You’d be forgiven for thinking that “Surveillance Class Storage” would appear on the pages of Wikileaks rather than We Got Served, but save those clandestine conspiracy theories for another day – it’s the description Western Digital are giving to their all-new WD Purple hard drives.

Following swiftly (and perhaps furtively) in the footsteps of WD Red, Green, Black and Blue, WD Purple is positioned at a new segment of devices – surveillance camera security systems –  as Western Digital seek to combat ever decreasing storage prices with specialist features.

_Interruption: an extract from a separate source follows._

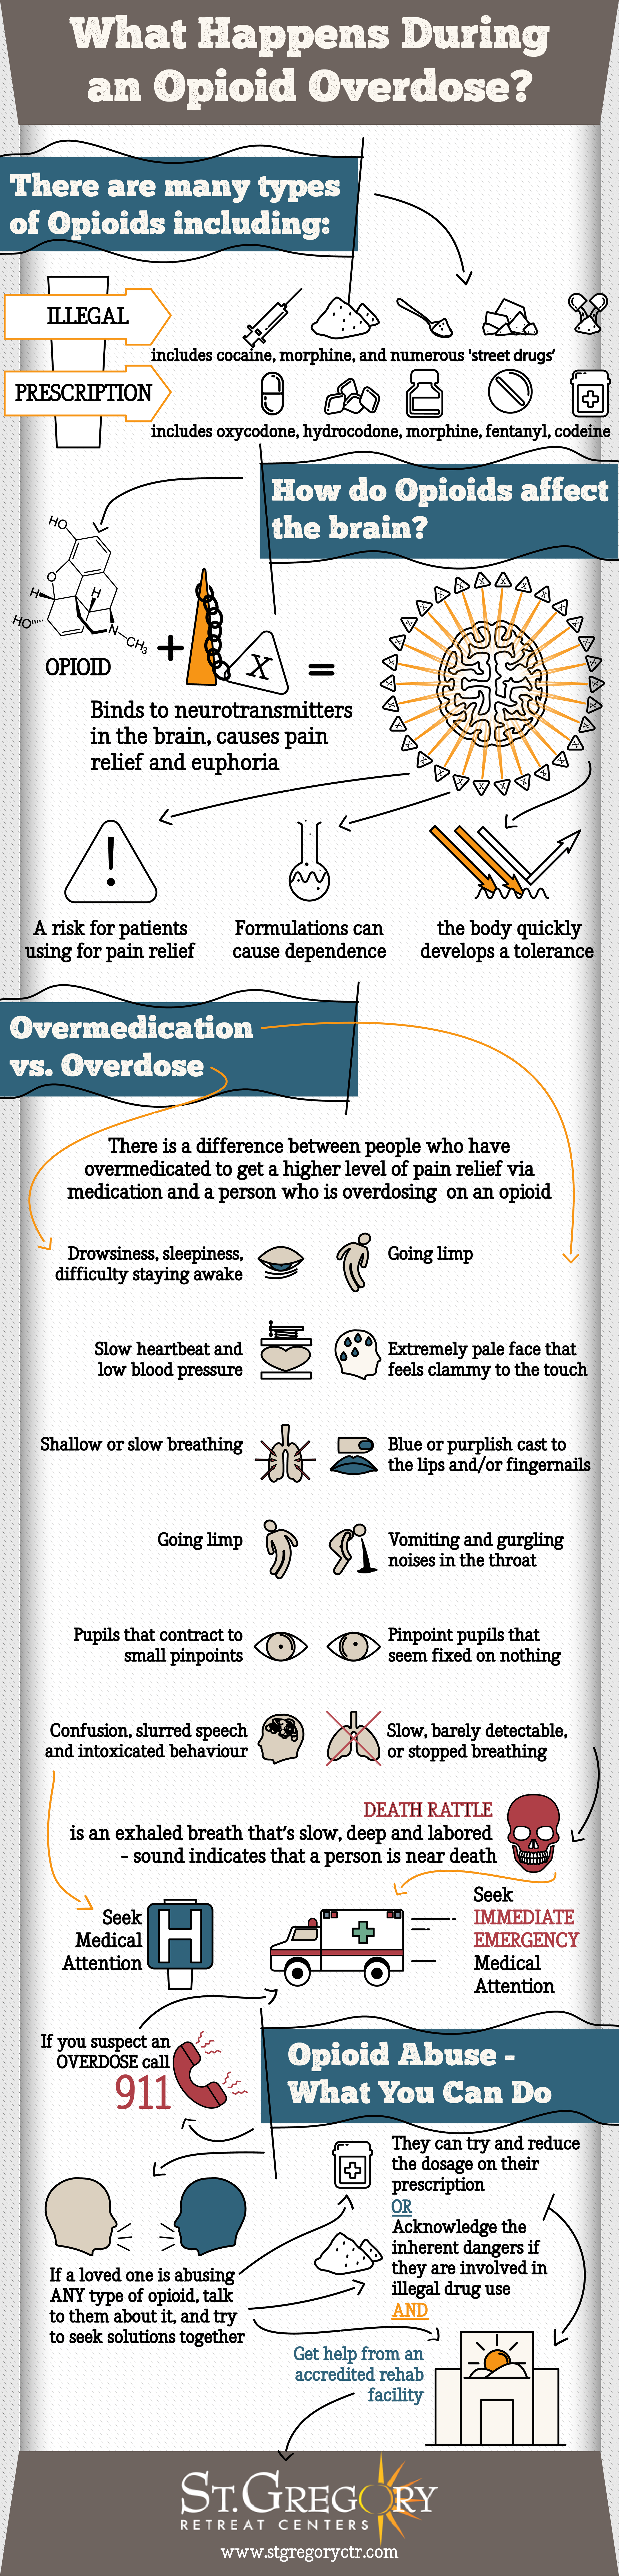 What Happens During an Opioid Overdose?

The new drives, available in capacities from one to four terabytes, ship with a new feature called AllFrame. I’ll let Western Digital describe it:

WD Purple surveillance-class hard drives are equipped with AllFrame technology which works with ATA streaming to reduce frame loss, improve playback and increases the number of drive bays supported. AllFrame reduces video interruptions that commonly occur when desktop hard drives are incorrectly used as storage in security systems. Missed frames and lost footage is a serious problem when an event occurs and surveillance footage needs to be retrieved. WD Purple with AllFrame provides the confidence you should expect when it’s time to play back and review critical surveillance footage.

Key benefits:

  • Reduces video frame loss with surveillance-class storage.
  • Specifically tuned for surveillance security systems.
  • Caching algorithms are tuned for write-intensive, low bit rate, high stream count applications that are typical of surveillance applications.
  • Priority change for write allocations and preemptive caching policies.
  • TLER & ATA streaming support.
  • Supports up to eight drives.
If this sounds like the kinds of storage you’ve been searching for, then head to the WD website to find out more.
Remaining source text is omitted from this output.